I am nearing completion of my 125 gallon fowlr which has always been planned to be a growout tank for a pair of cat sharks and my intention has always been to immediatly start a pond once the sharks are aquired. Well me and the wife went out into the garage we are converting more into a games room and lounge today and came up with some firm ideas for what we both wanted and I decided to make a serious effort into my first sketchup.




























The pond will be built using 2x6 construction and rather than using a liner I will be running pondshield, the walls and floor of the pond will be insulated as well a large closed loop (think hot tub) will be ran through the walls to hide all plumbing. The filtration basin will be skimmer and reactor chamber that will then lead into the wet/dry chamber and finally to a mangrove marsh waterfall.

Feel free to share any thoughts or feelings and if theres any sketchup/3d artists who would be kind enough to do a frame rendering of this for me I would be in your debt as I would really love to have a set of plans to work from when i start this


----------



## Winkyee (Feb 17, 2003)

Looks good, 
Don't guys with large stuff like this commonly make them from concrete
It would seem like a good idea.


----------



## Grosse Gurke (Jan 3, 2003)

This is exactly what I was thinking about doing in my garage...but freshwater. I might just steal some aspects of your design if you dont mind? I really like the corner overflow waterfall. I was going to put it on the end...but a corner is much nicer.


----------



## 00nothing (Mar 26, 2004)

Winkyee said:


> I might just steal some aspects of your design if you dont mind? I really like the corner overflow waterfall.


Please do depending on how well this design and build comes out I may draft a complete set of materials lists so that i can share it with everyone


----------



## His Majesty (Apr 5, 2005)

definelty tagging along with this.

i wish i could get cracking on my pond aswell. except im strapped for cash

im building the outer wall with bricks. thats how my old one was. then having all the equipment in at one end plummed through.
im not gonna go with a waterfall but nice idea


----------



## 00nothing (Mar 26, 2004)

Trigger lover said:


> definelty tagging along with this.
> 
> i wish i could get cracking on my pond aswell. except im strapped for cash
> 
> ...


The waterfall actually comes out necessity I dont have anywhere to put the filtration other than right on the pond and when finshed i think it will both look good and actually be easier maintain due to the filtration being right there


----------



## His Majesty (Apr 5, 2005)

ahh thats pretty awesome then. how about heating?

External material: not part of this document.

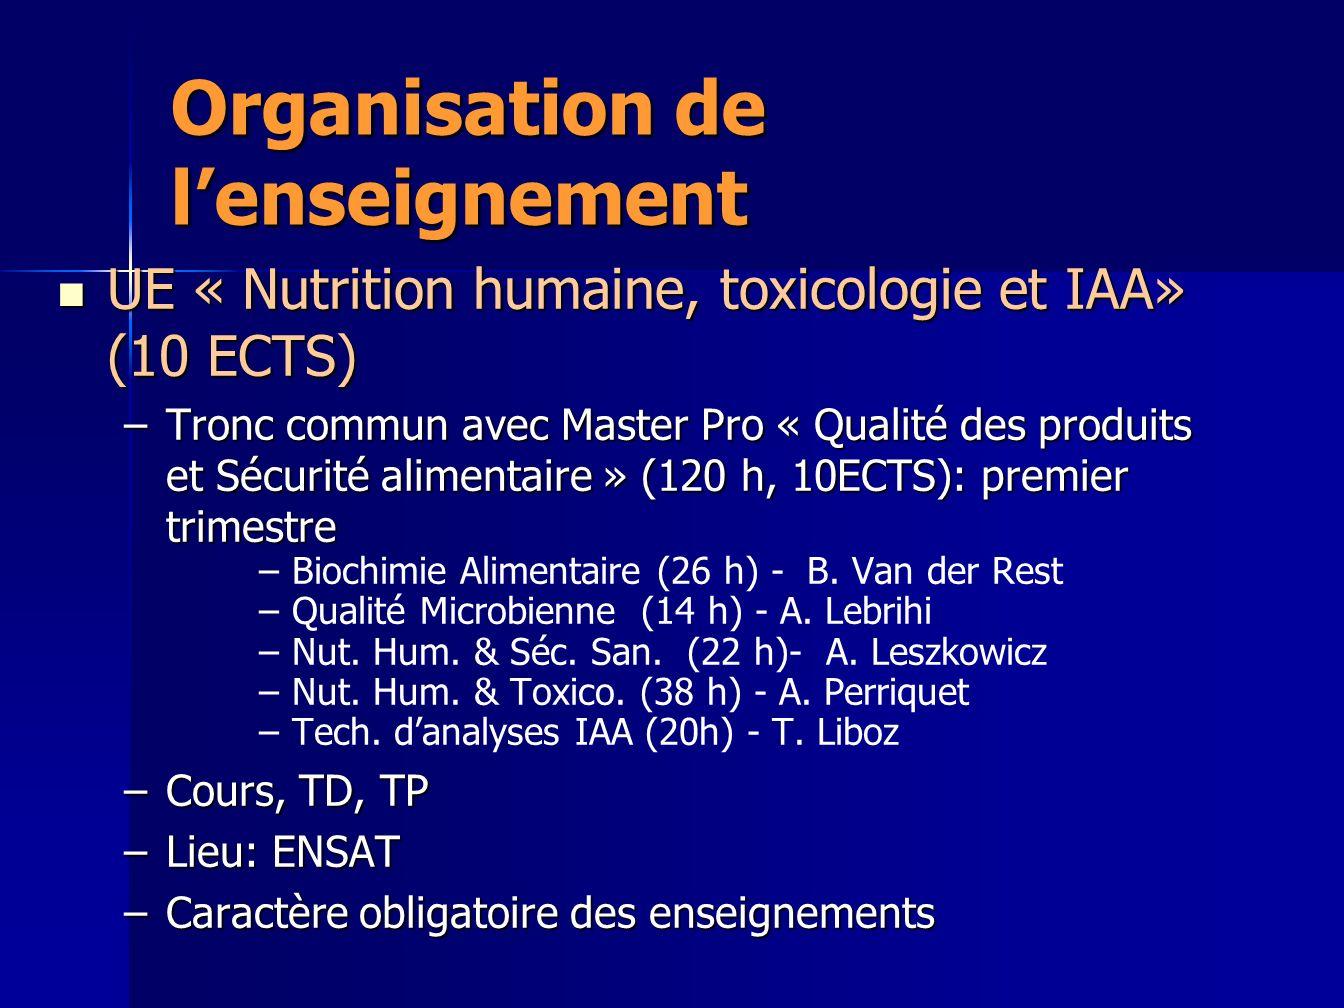 Organisation de lenseignement UE « Nutrition humaine, toxicologie et IAA» (10 ECTS) UE « Nutrition humaine, toxicologie et IAA» (10 ECTS) –Tronc commu

i though about using the same underfloor heating technology but having it in a layer between the outer wall and the pond lining.


----------



## 00nothing (Mar 26, 2004)

Trigger lover said:


> ahh thats pretty awesome then. how about heating?
> 
> i though about using the same underfloor heating technology but having it in a layer between the outer wall and the pond lining.

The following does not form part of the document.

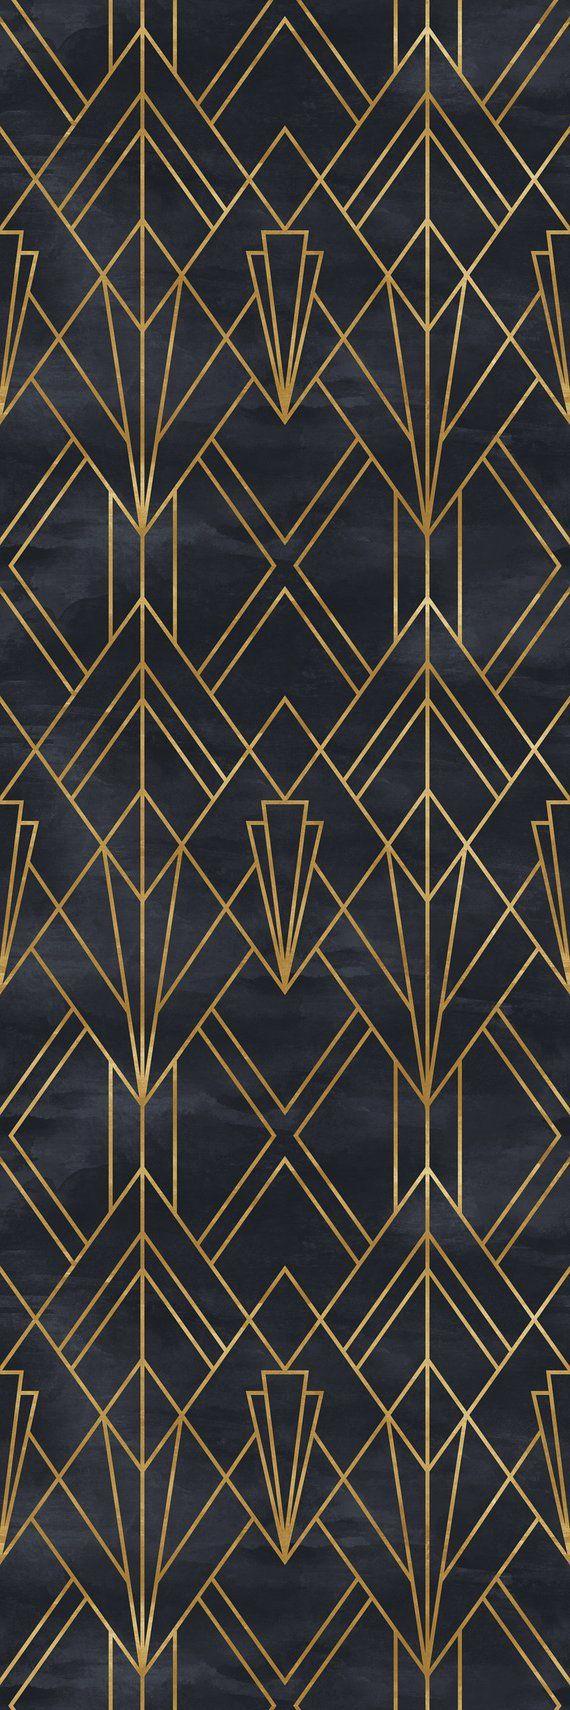 Removable Wallpaper Self Adhesive Wallpaper Gold And Black Geometric Peel Stick Wallpaper Self Adhesive Wallpaper Removable Wallpaper Peel And Stick Wallpaper

In floor was a thought but I am thinking a couple of large heaters in the sump (can i call it a sump lol) with a heat probe located in the DT will more than suffice and be a lot cheaper in the long run


----------



## His Majesty (Apr 5, 2005)

ahh that also makes sence.

i may also look into another alternative for heating. ill have to see though. but the in floor heating would give a good alround heat to the tank. it is more expensive but i feel it would be money spent well. im sure others may disagree.

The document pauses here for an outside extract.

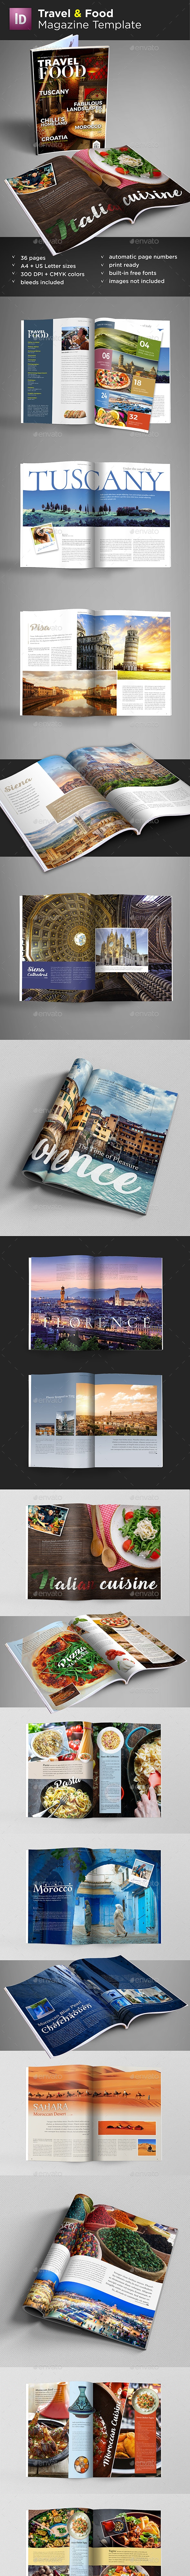 Travel & Food Magazine Template - Magazines Print Templates

i look forward to your progress. will be good to swap ideas and discuss different method in building the pond


----------



## THE BLACK PIRANHA (Dec 8, 2003)

I really like the design but if I were to do it I would ramp it up to say 500 to 700 gallons.


----------



## Ægir (Jan 21, 2006)

THE BLACK PIRANHA said:


> I really like the design but if I were to do it I would ramp it up to say 500 to 700 gallons.


Yeah man, go as big as you can! the cost wouldnt be much different really to extend the legnth or width...


----------



## 00nothing (Mar 26, 2004)

TRUST ME if i could go 20 ft long i would but 84x56 is all the footprint i get i may consider deeper but thats it for footprint i am considering 2x4 rather than 2x6 but my concern is drilling the 2x4's for 1 inch plumbing will make them to weak

If I go to 2x4 i go from approximately 330 gallons to 410 gallons or 44 cu ft to 54 cu ft


----------



## redbellyman21 (Jun 27, 2004)

the corner overlfow/sump waterfall refugium mangrove idea sounds hot to me! I love the idea of it... I would stick with the heaters in the sump as planned oonothing, and def make it deeper if you cant make it longer. Like skunk bud said it wont cost much more now, and youll have more gallons and more stability... obviously go as big as you can... but I really like these plans so far!


----------



## philbert (Mar 8, 2007)

looks sweet cant wait to follow along


----------